# Nailing Rigid Foam Boards to Plywood



## Buscador (Feb 5, 2012)

Live in SF Bay Area (CA) in an Eichler-style house built with a low-sloped, hot roof and no insulation. The existing roof system is composed of (top to bottom) tar & gravel roofing, celotex fiber board, and 3”x 6” exposed ceiling beams placed 24” OC. Plan to re-sheath the beams, add insulation and re-roof.

Would like to install 3/4" structural plywood above the beams, then rigid polyurethane boards/panels (1”-2” thick), followed by external roof (most likely a spray-applied foam). Using closed-cell foam for higher R-values.

My question is how to attach the rigid foam panels to the plywood. Since the plywood’s lower surface is exposed to the interior of the house, the nails can’t penetrate the plywood or else they would be visible. Full nailing depth is limited to areas where the nails are located immediately above the beams.
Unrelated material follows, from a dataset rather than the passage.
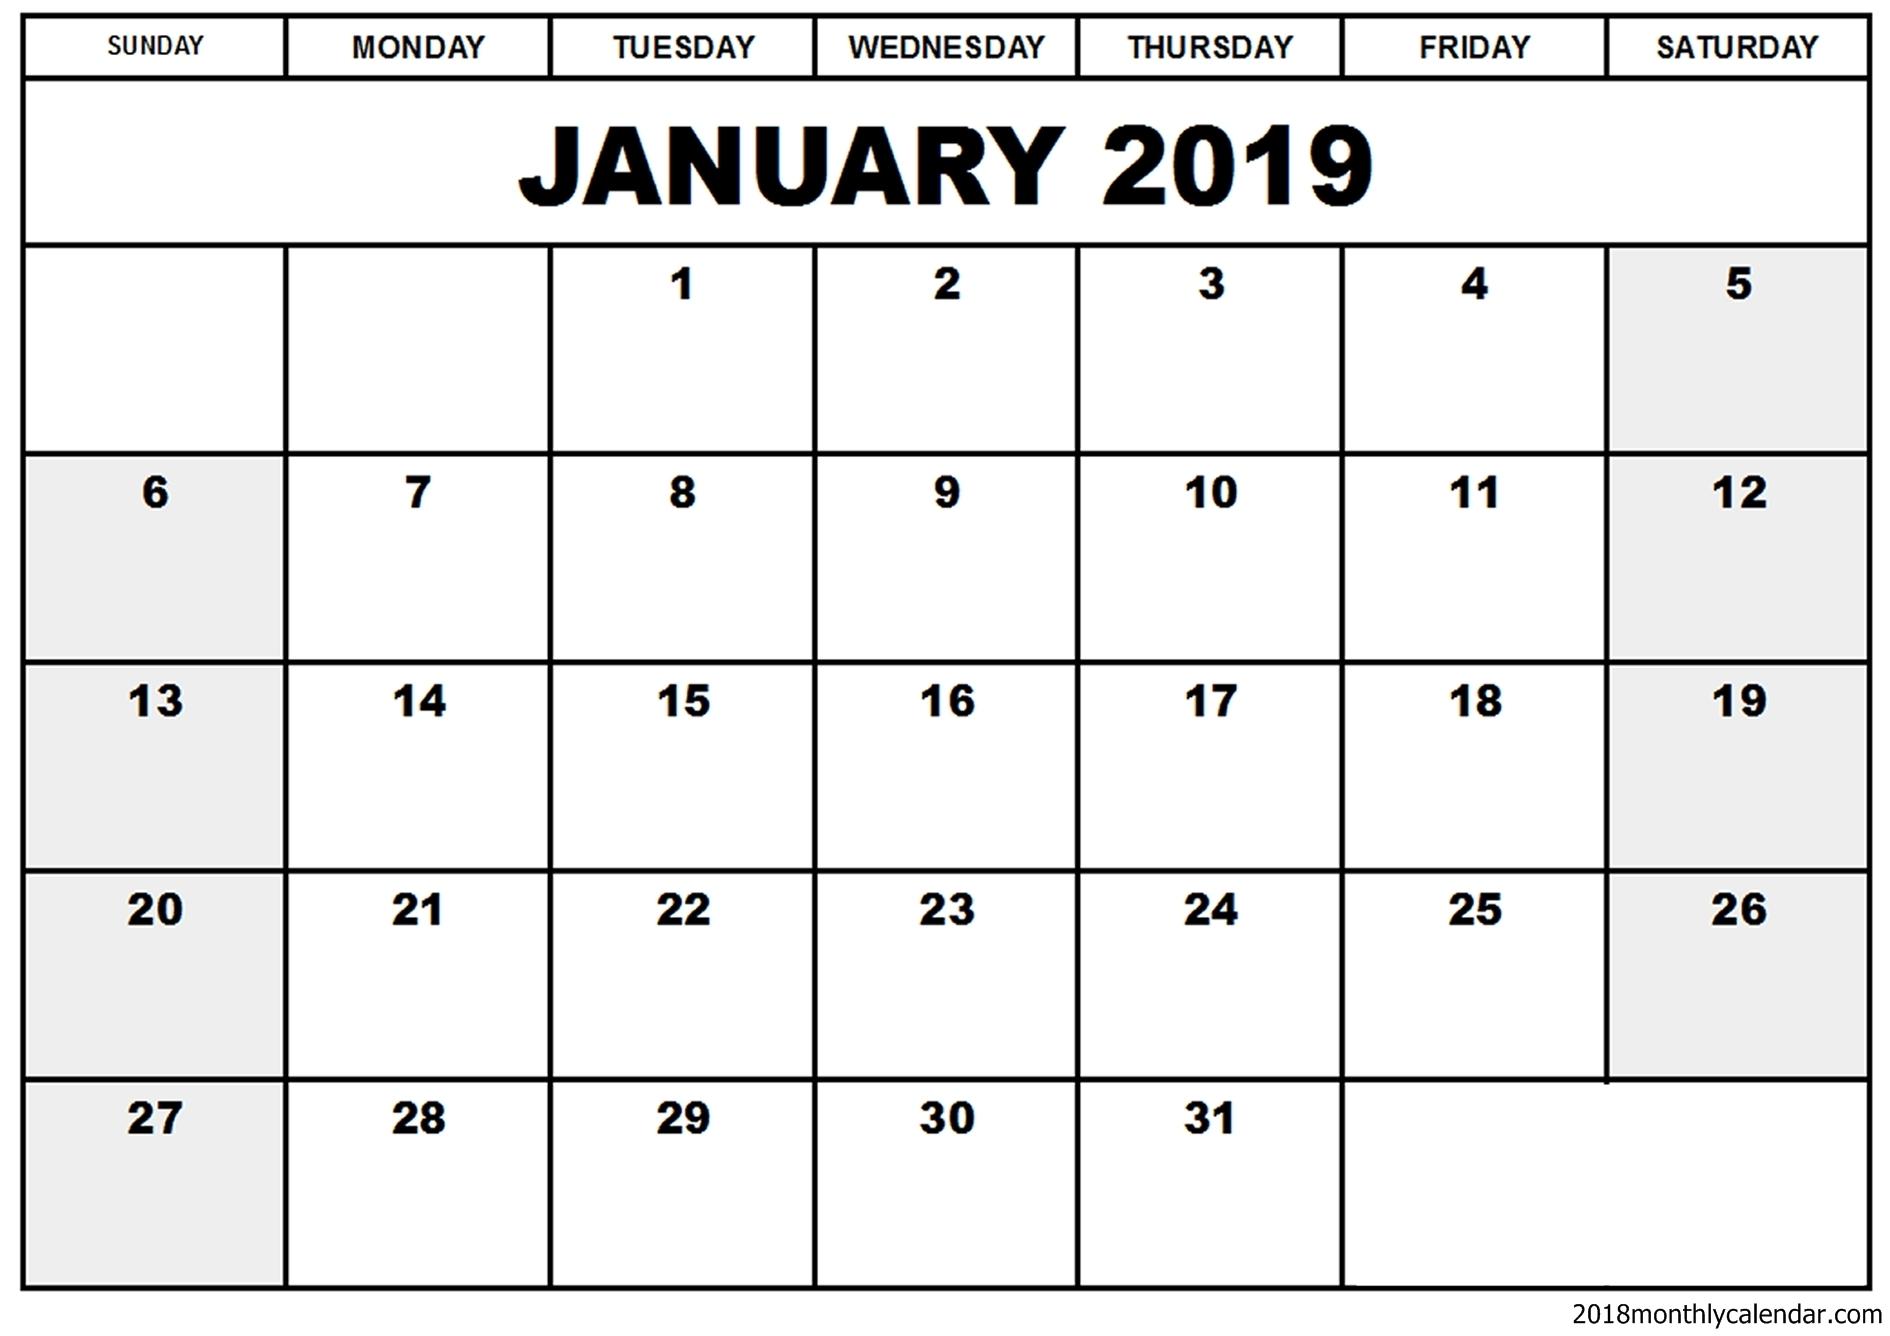 January 2019 Editable Calendar Printable - Free Printable Calendar intended for Free Fillable Blank Calendar Templates

How do I secure the rigid foam panels to the substrate and stay within building code for fasteners and nailing patterns to plywood sheathing. Are nails allowed to "not" penetrate the structural plywood and is there a minimum nailing depth?


----------



## joecaption (Nov 30, 2011)

Instead of plywood, concider using T & G 2 X 6's or 8''s.
Much stronger, will look far better from the bottom side, added R value and will give you far more thickness for fastening. Most often the foam is screwed down with special screws with phillips head screws and fender washers built right onto the the screws. Any real roofing supply will have them.


----------



## Windows on Wash (Aug 30, 2011)

joecaption said:


> Instead of plywood, concider using T & G 2 X 6's or 8''s.
> Much stronger, will look far better from the bottom side, added R value and will give you far more thickness for fastening. Most often the foam is screwed down with special screws with phillips head screws and fender washers built right onto the the screws. Any real roofing supply will have them.


+1

Great advice.

You may want to consider covering the T&G board with a peel and stick ice/water shield for proper air seal as well.


----------



## framer52 (Jul 17, 2009)

First, don't apply the foam under the plywood but on top of the plywood.

That is the accepted practice and really can't figure out how to do the foam first.


----------



## Windows on Wash (Aug 30, 2011)

If you don't care about the T&G look, look for something called nailbase.

There are several manufacturers that make it and it will simplify your installation.


----------



## shazapple (Jun 30, 2011)

Strange to put down foam and then spray. Why not just put down 4" of foam and a membrane (EPDM, PVC, TPO...). These can be adhered with glue.


----------